I am so sorry Kate. They never stay with us long enough. Sending prayers for you and your family. I hope that Jacks continues on the mend and that you, Bertie and Jacks can find comfort in each other during this very sad time. I always enjoyed your Arthur stories and I hope that when the hurt eases up that you can truly tell his story.


----------



## Otter (Feb 23, 2011)

Very sorry for your loss.


----------



## tikiandme (May 16, 2010)

I'm so sorry for your loss of sweet Arthur, Kate. Thank you for the reminder that life is too, too short....


----------



## Yaichi's Mom (Jul 21, 2012)

Thank you for reminding all of us that each and every moment we are blessed to have is precious!

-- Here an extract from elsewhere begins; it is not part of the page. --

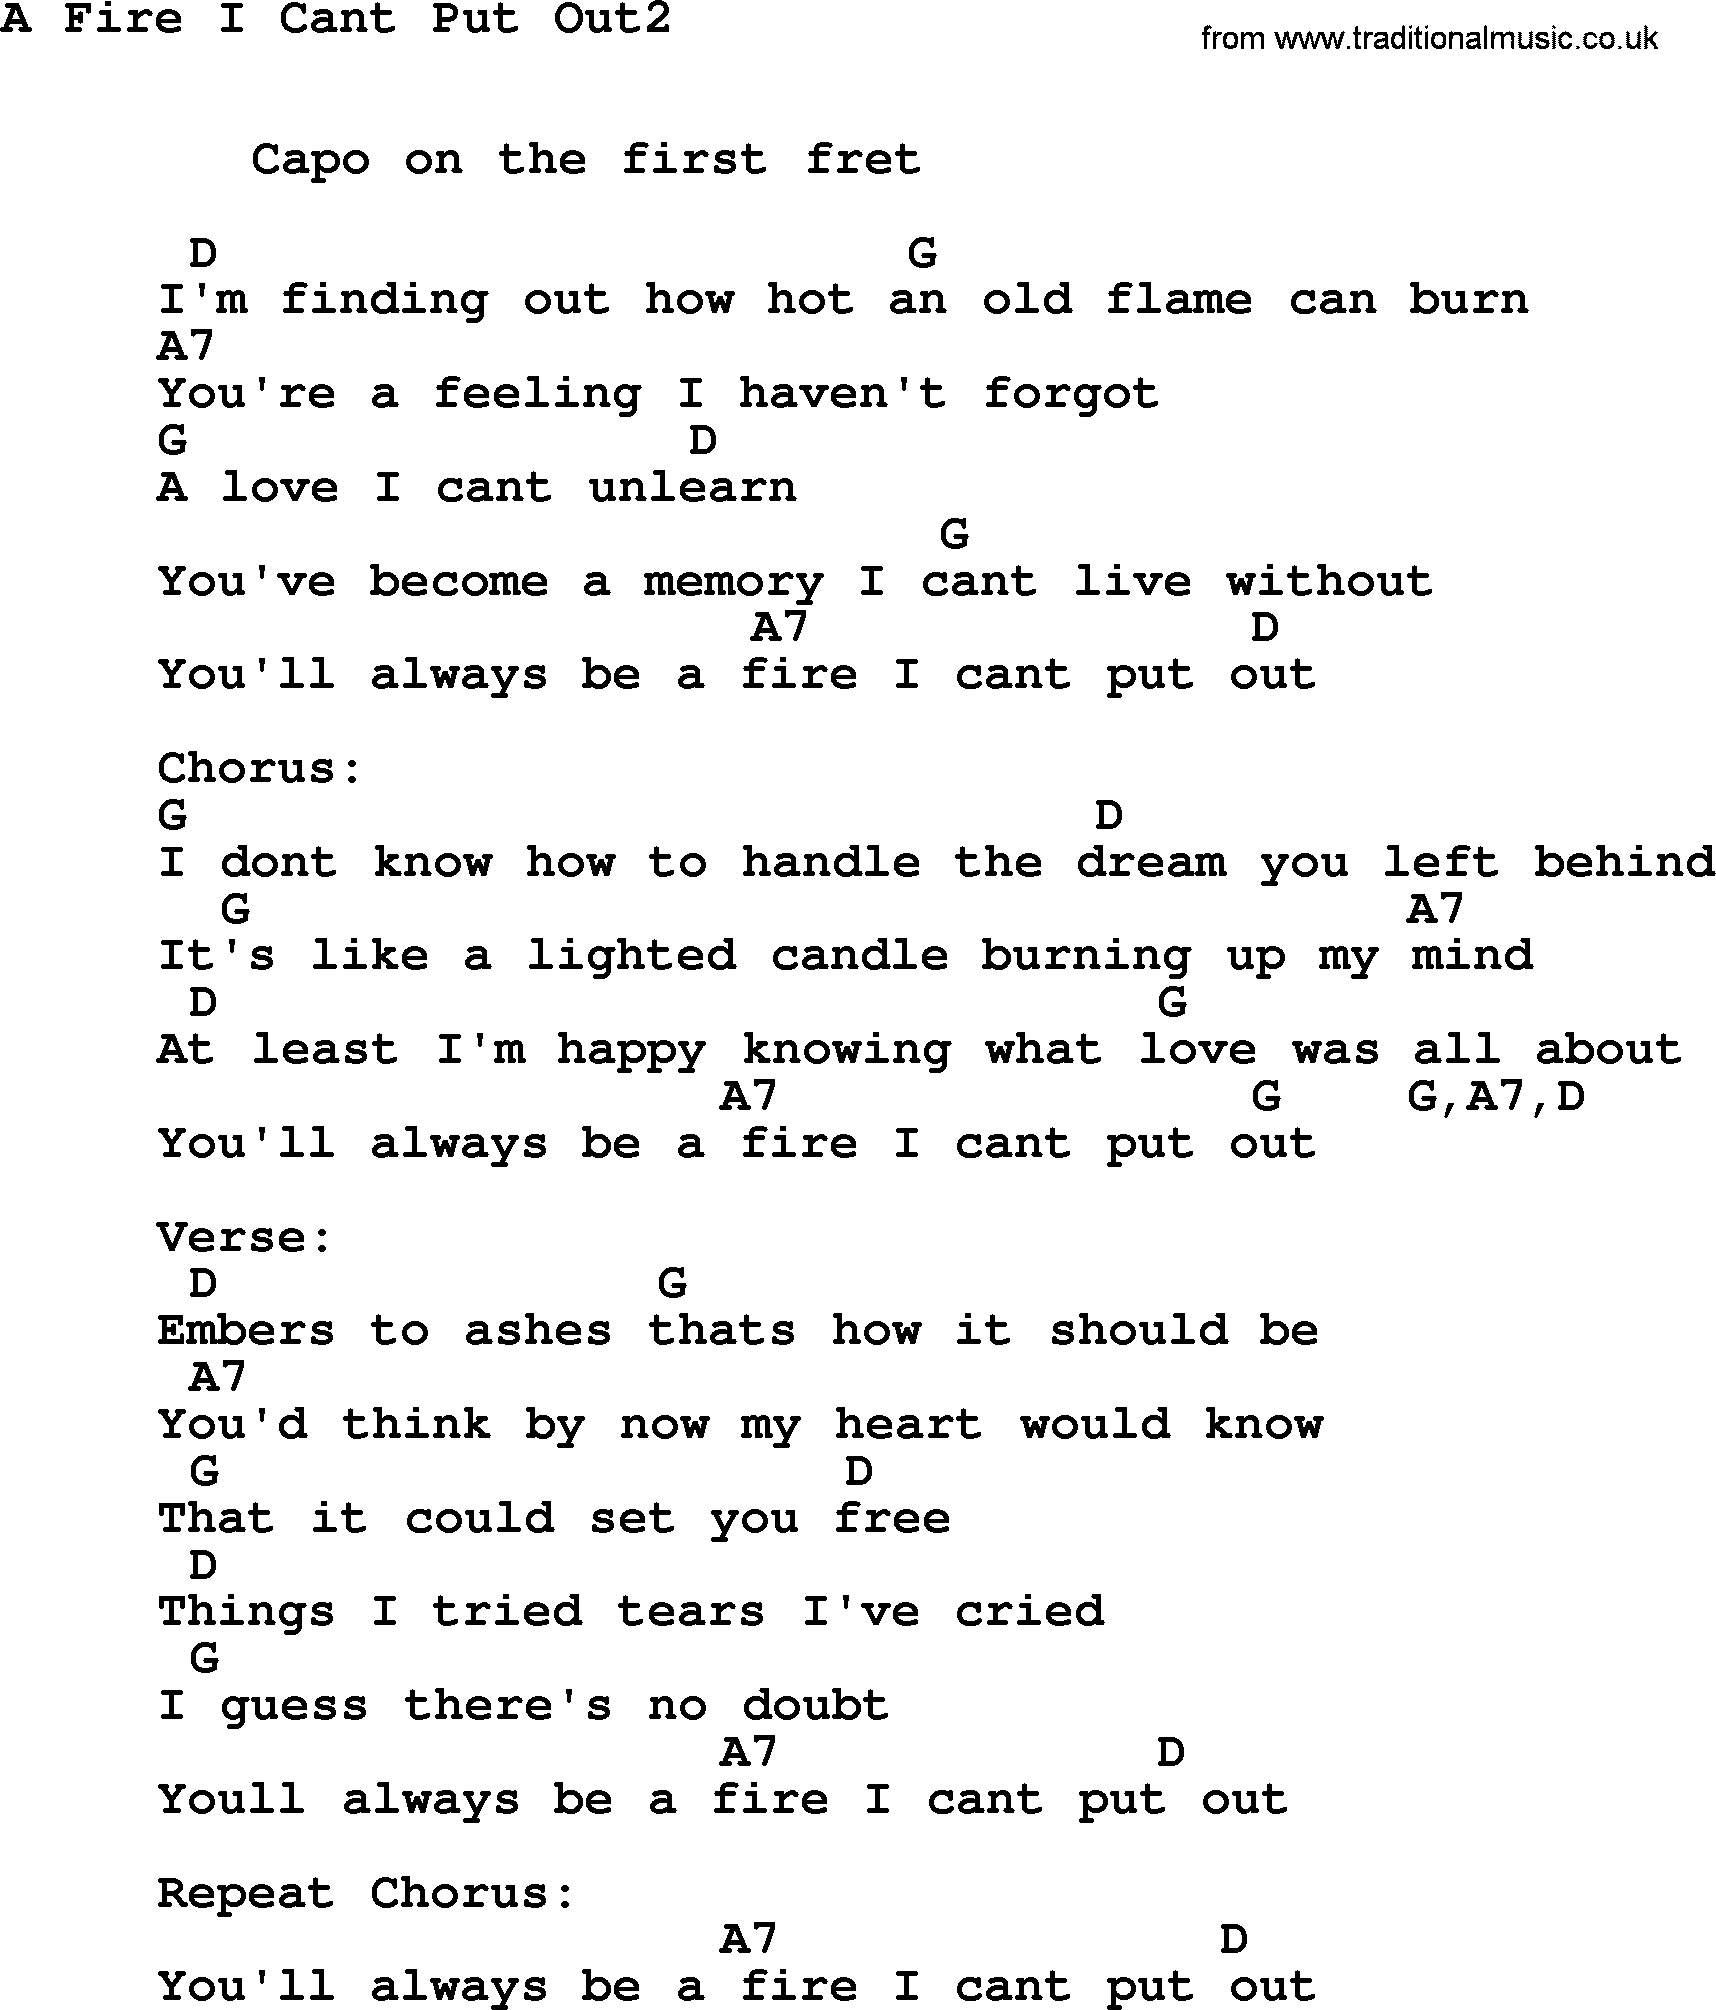 George Strait song: A Fire I Cant Put Out2, lyrics and chords

I am very sorry for your loss. You both hold a piece of each others hearts until you meet again....hugs...


----------



## Kalhayd (May 4, 2016)

So very sorry for your profound loss of Arthur. Sending all my love. Thank you for the reminder. It is so very true.


----------



## mylissyk (Feb 25, 2007)

I am so sorry to hear this news. I have always enjoyed seeing Arthur's pictures on the board. They leave a huge hole in our hearts.


----------



## sophieanne (Feb 4, 2014)

I am so sorry for your loss of Arthur. There is no doubt you both provided each other with a wonderful life. Thanks for sharing your thoughts of living every moment; it really touched me and I know how true it is.


----------



## Taylor Oliver (Jun 25, 2017)

So sorry for your loss, Kate. My prayers are with you and your family. And so very well put, time is a gift, as is the companionship we are so blessed to find in these amazing animals...


----------



## Theboyzmom (Jul 31, 2013)

Kate I am so sorry for your loss. Our Buddy Bear left us for the rainbow bridge Jan 2016 due to prostate cancer and the paw prints he left on my heart cannot be erased. His brother also (14) misses him, but we learned from Buddy to sit and enjoy the small things. It's never easy, even when we know they are not well and think we are prepared for the end. Grief is like a river and somedays we are in the shallows, and others in the deeper water and need a hand getting to shore. Thank you for sharing a piece of your heart with us. 
I am sure everyone on this web site can agree- they make us better people. I also love the Eskimo proverb that they may not be stars in the sky at night, but our loved ones shining down on us to let us know they are ok. In my world, it applies to loved ones of all species. 

Sending Love and light.


----------



## CAROLINA MOM (May 12, 2009)

Very sorry for your loss of Arthur, he was beautiful!


----------



## Jessie'sGirl (Aug 30, 2010)

Kate, I'm so very sorry to hear of your loss of Arthur.


----------



## Brave (Oct 26, 2012)

Run free, sweet Arthur. You will never be forgotten. 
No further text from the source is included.